The cervix or cervix uteri (Latin: neck of the uterus) is the lower part of the uterus in the human female reproductive system. In a non-pregnant woman, the cervix is usually 2 to 3 cm long (~1 inch) and roughly cylindrical in shape. The narrow, central cervical canal runs along its entire length, connecting the uterine cavity and the lumen of the vagina. The opening into the uterus is called the internal os, and the opening into the vagina is called the external os. The lower part of the cervix, known as the vaginal portion of the cervix (or ectocervix), bulges into the top of the vagina. The cervix has been documented anatomically since at least the time of Hippocrates, over 2,000 years ago.

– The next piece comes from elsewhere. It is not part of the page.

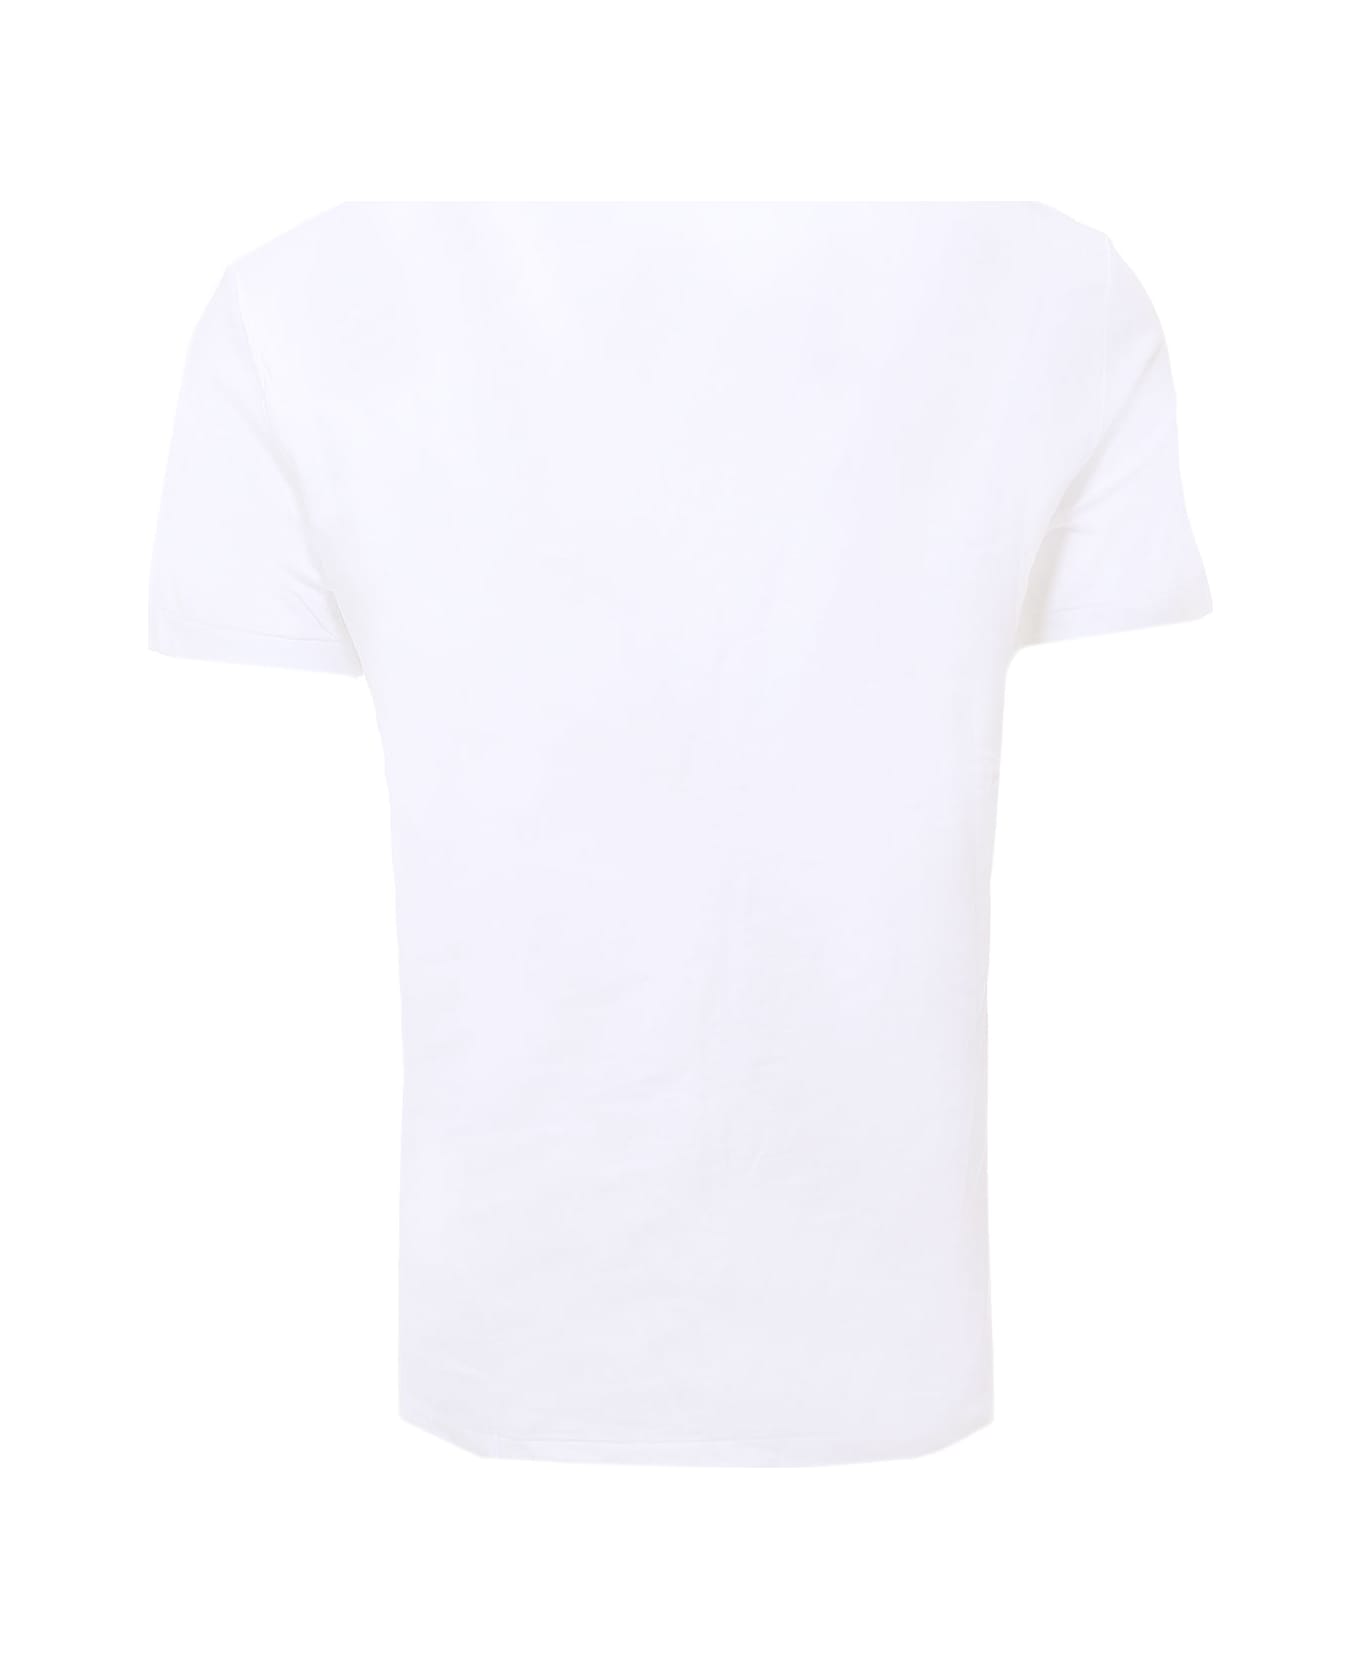 Polo Ralph Lauren T-shirt Polo Ralph Lauren - WHITE シャツ

The cervical canal is a passage through which sperm must travel to fertilize an egg cell after sexual intercourse. Several methods of contraception, including cervical caps and cervical diaphragms aim to block or prevent the passage of sperm through the cervical canal. Cervical mucus is used in several methods of fertility awareness, such as the Creighton model and Billings method, due to its changes in consistency throughout the menstrual period. During vaginal childbirth, the cervix must flatten and dilate to allow the fetus to progress along the birth canal. Midwives and doctors use the extent of the dilation of the cervix to assist decision-making during childbirth.
The cervix plays a major role in childbirth. As the fetus descends within the uterus in preparation for birth, the presenting part, usually the head, rests on and is supported by the cervix. As labor progresses, the cervix becomes softer and shorter, begins to dilate, and rotates to face the anterior. The support the cervix provides to the fetal head starts to give way when the uterus begins its contractions. During childbirth, the cervix must dilate to a diameter of more than 10 cm (3.9 in) to accommodate the head of the fetus as it descends from the uterus to the vagina. In becoming wider, the cervix also becomes shorter, a phenomenon known as effacement.
Along with other factors, midwives and doctors use the extent of cervical dilation to assist decision making during childbirth. Generally, the active first stage of labor, when the uterine contractions become strong and regular, begins when the cervical dilation is more than 3–5 cm (1.2–2.0 in). The second phase of labor begins when the cervix has dilated to 10 cm (4 in), which is regarded as its fullest dilation, and is when active pushing and contractions push the baby along the birth canal leading to the birth of the baby. The number of past vaginal deliveries is a strong factor in influencing how rapidly the cervix is able to dilate in labor. The time taken for the cervix to dilate and efface is one factor used in reporting systems such as the Bishop score, used to recommend whether interventions such as a forceps delivery, induction, or Caesarean section should be used in childbirth.
Cervical incompetence is a condition in which shortening of the cervix due to dilation and thinning occurs, before term pregnancy. Short cervical length is the strongest predictor of preterm birth.